EXERCISE GOAL: Nothing except the pictures should be left out when you reproduce the listing exactly.
::: GIVEN DATA
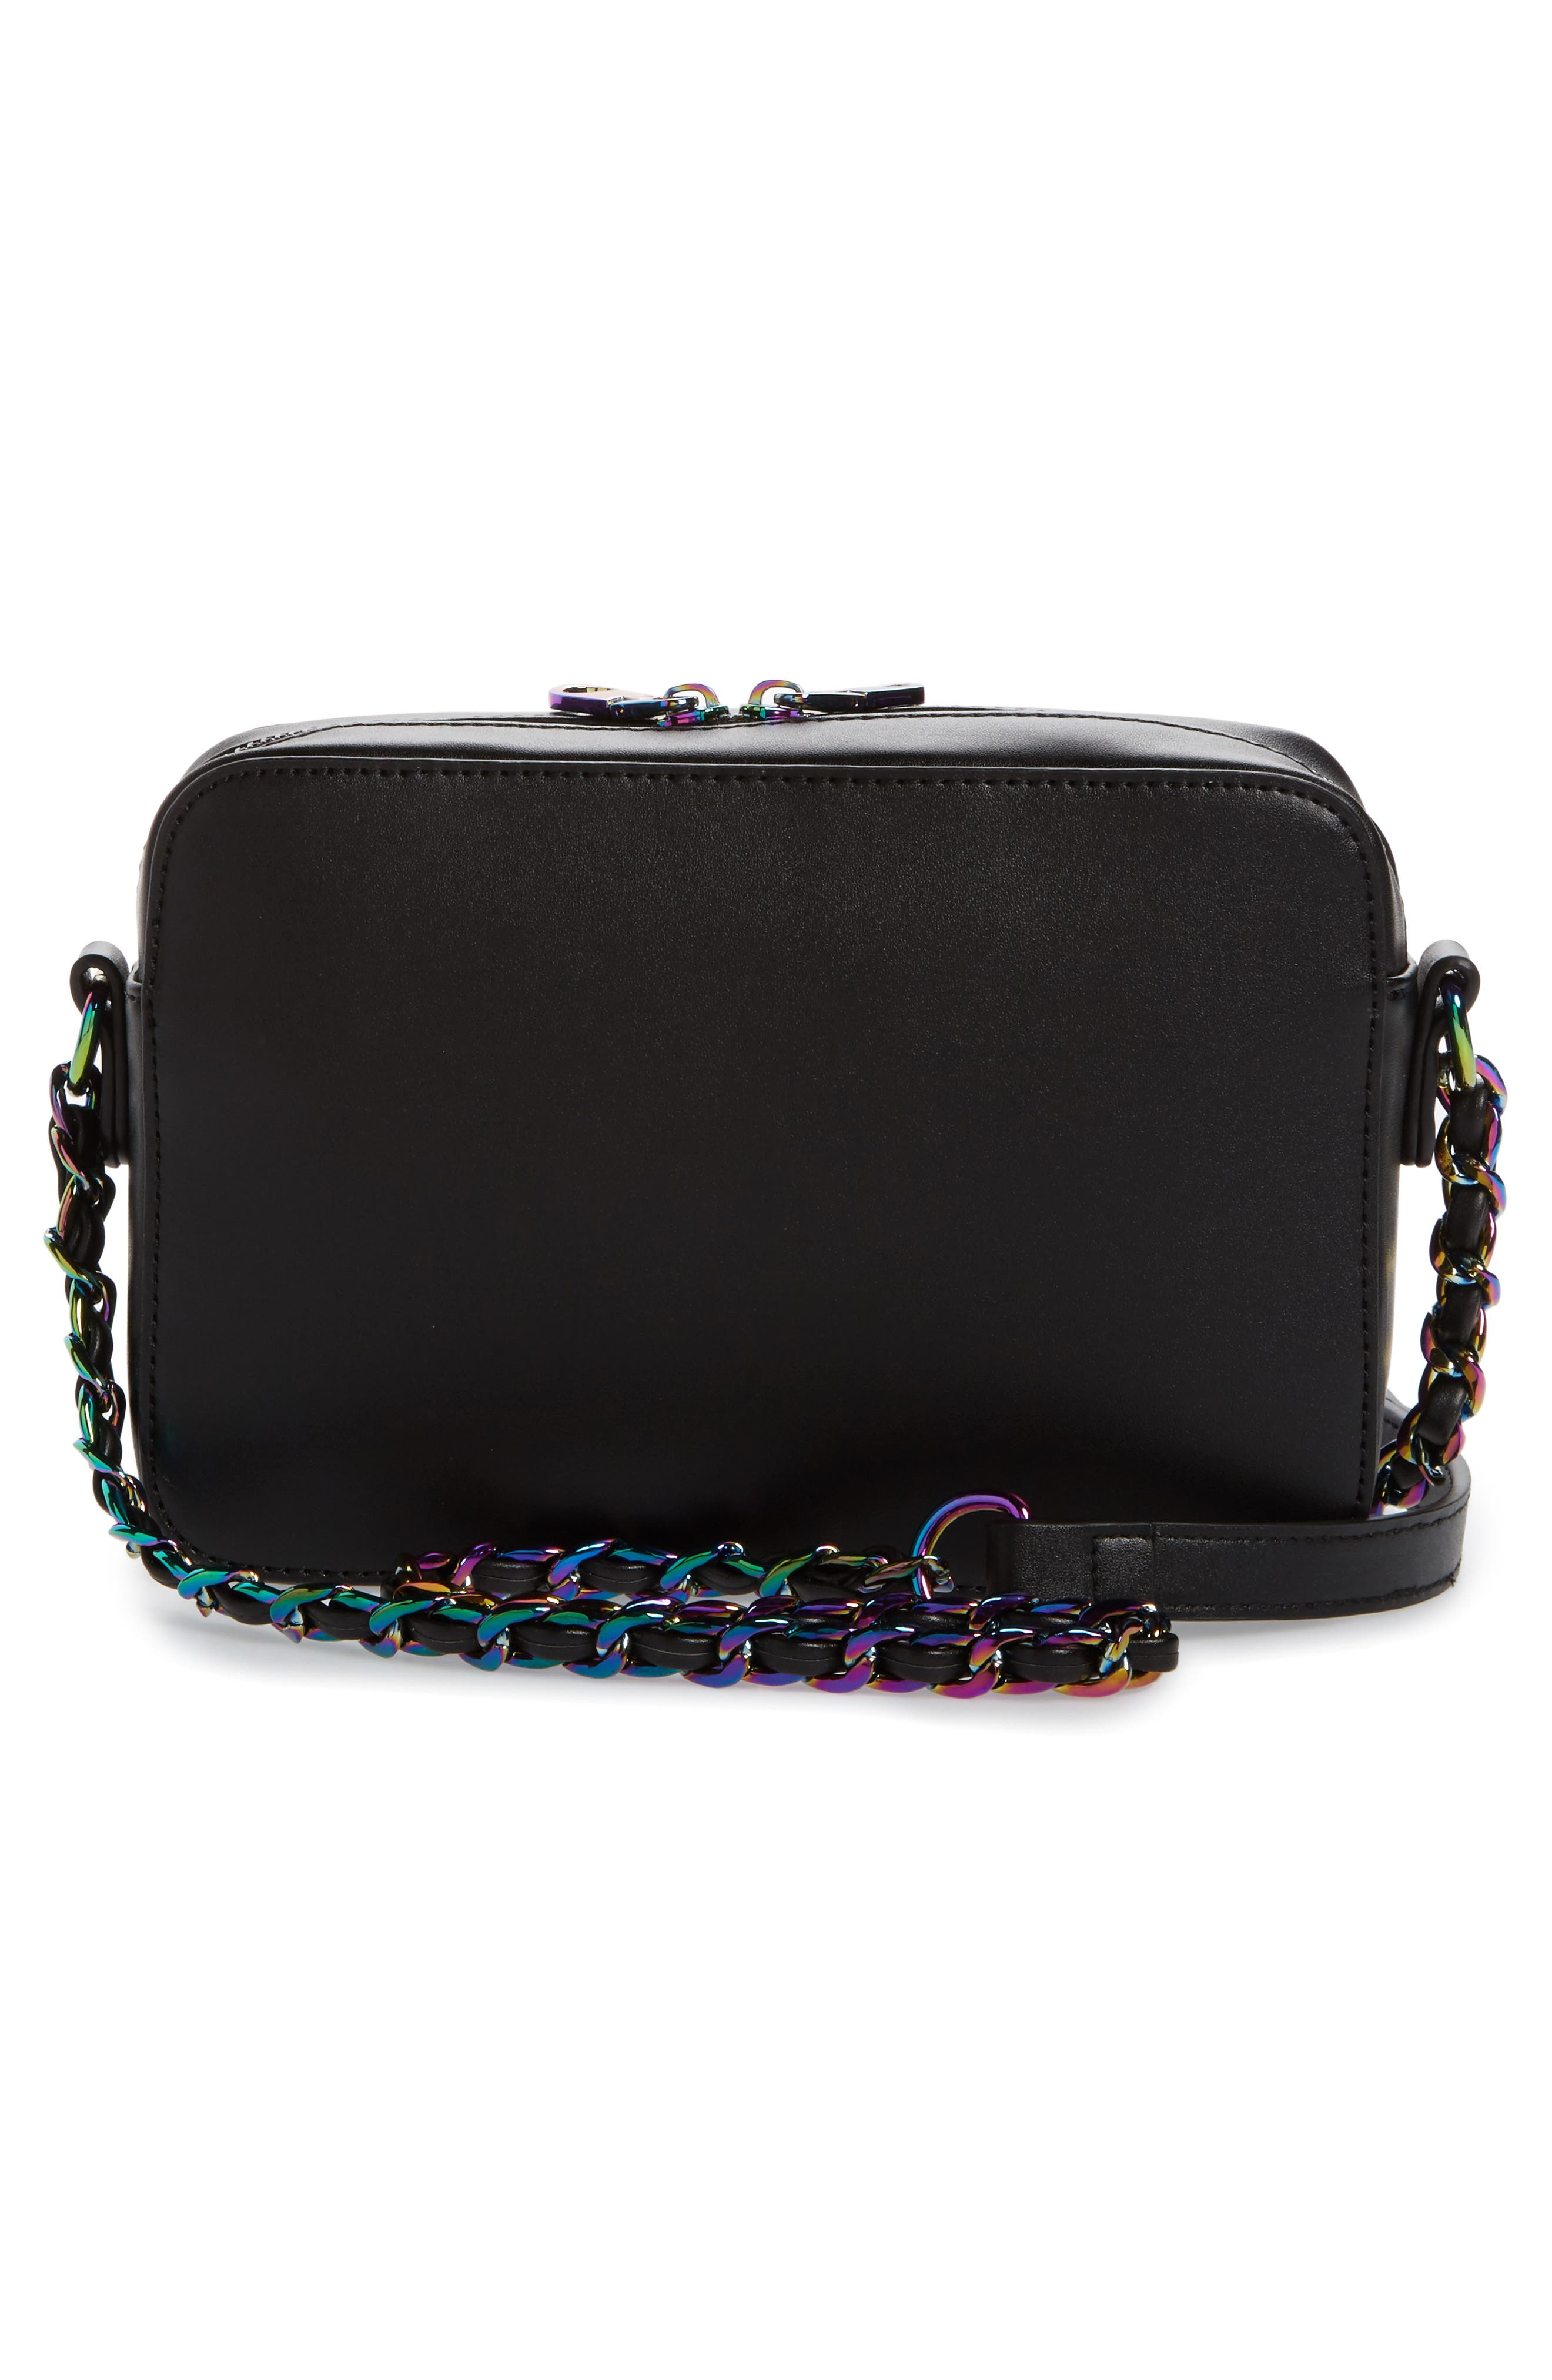 Bella Glitter Star Faux Leather Crossbody Bag,                             Alternate thumbnail 3, color,
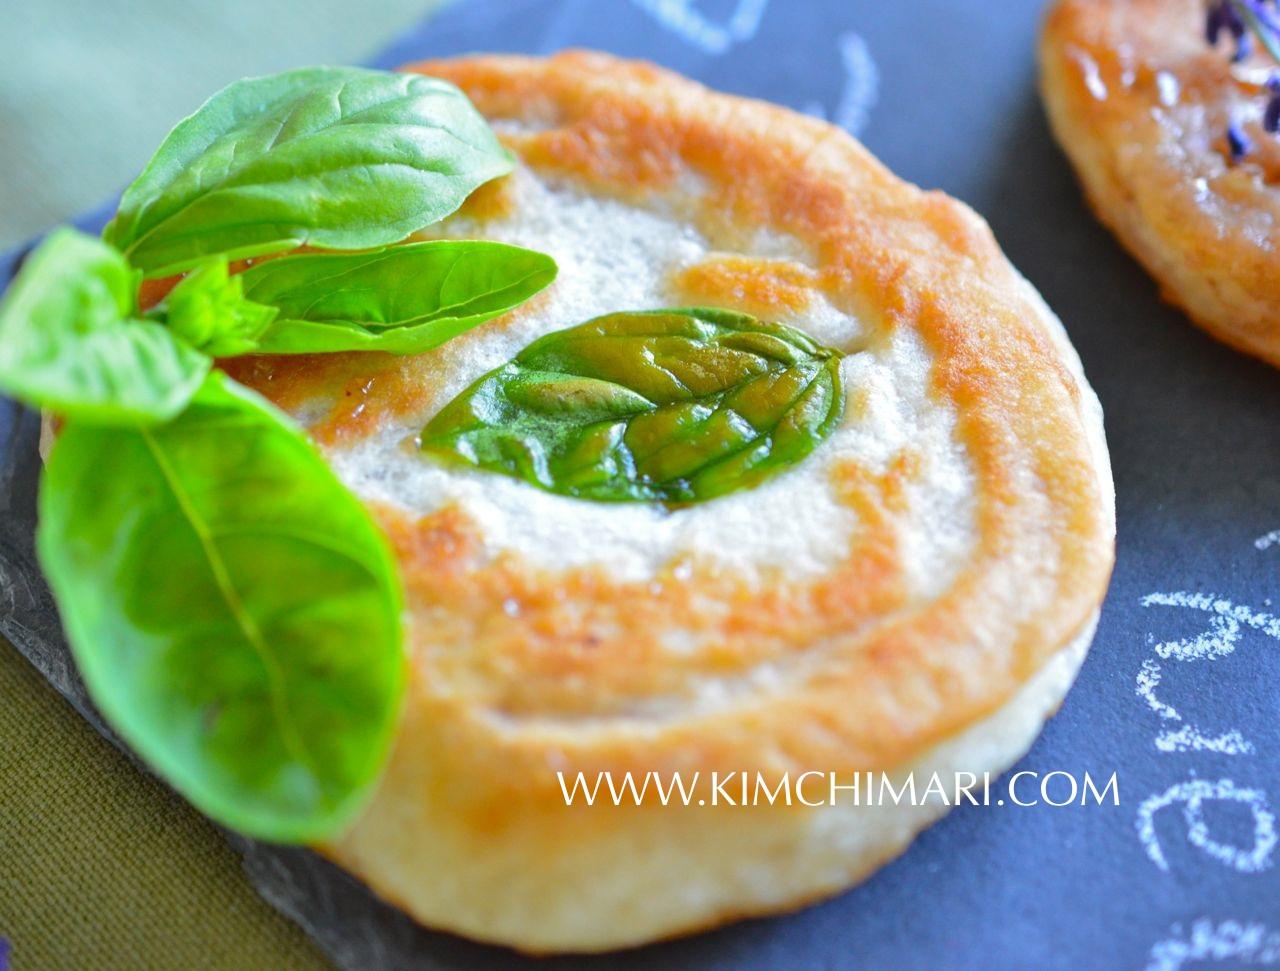 Basil Hotteok/Hoddeok (Korean sweet dessert pancake) www.kimchimari.com
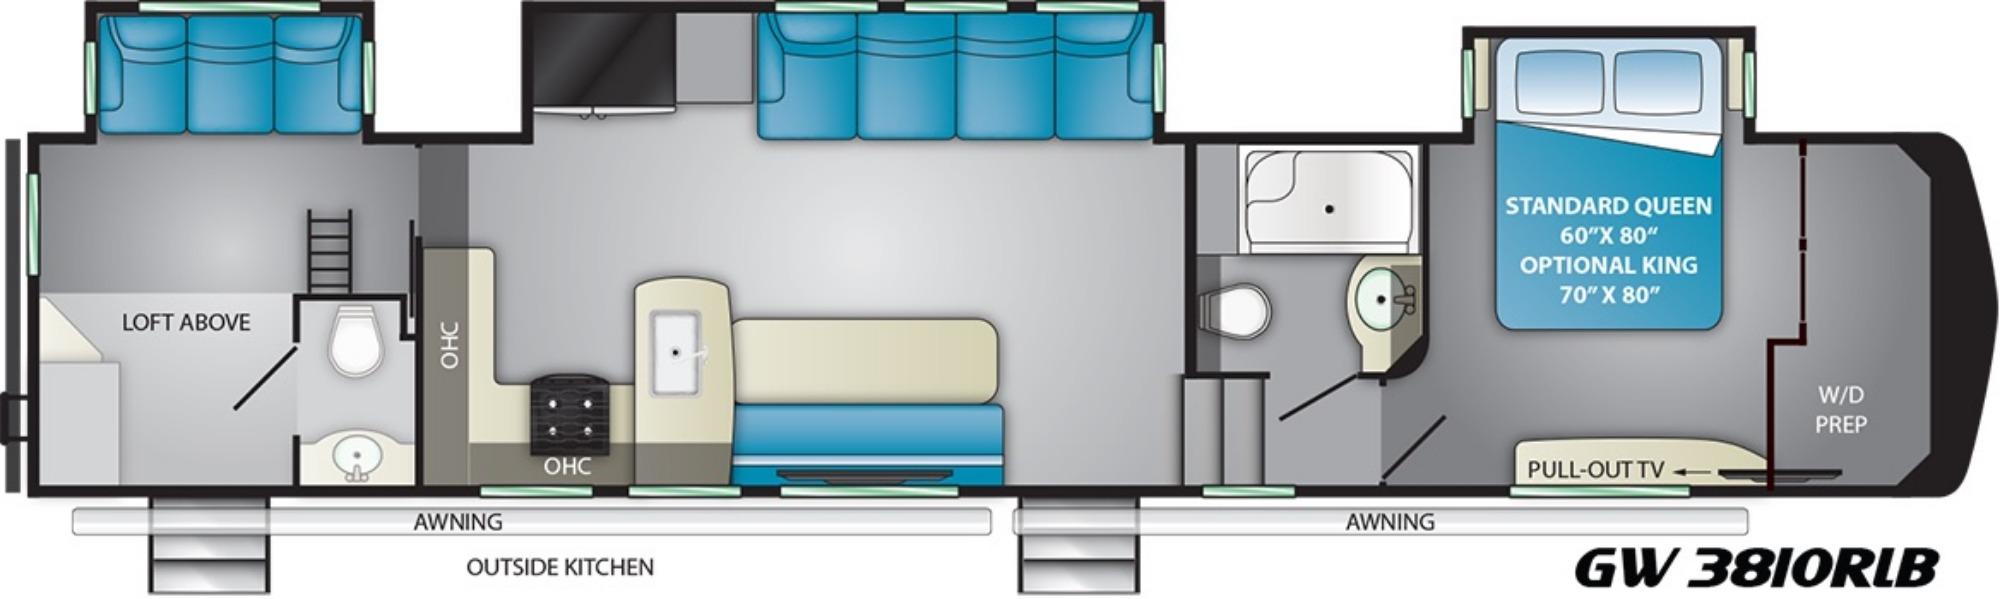 View Floor Plan for 2019 HEARTLAND GATEWAY 3810RLB
::::::
SOLUTION TO THIS PROBLEM:
 Bella Glitter Star Faux Leather Crossbody Bag,                             Alternate thumbnail 3, color,
 Basil Hotteok/Hoddeok (Korean sweet dessert pancake) www.kimchimari.com
 View Floor Plan for 2019 HEARTLAND GATEWAY 3810RLB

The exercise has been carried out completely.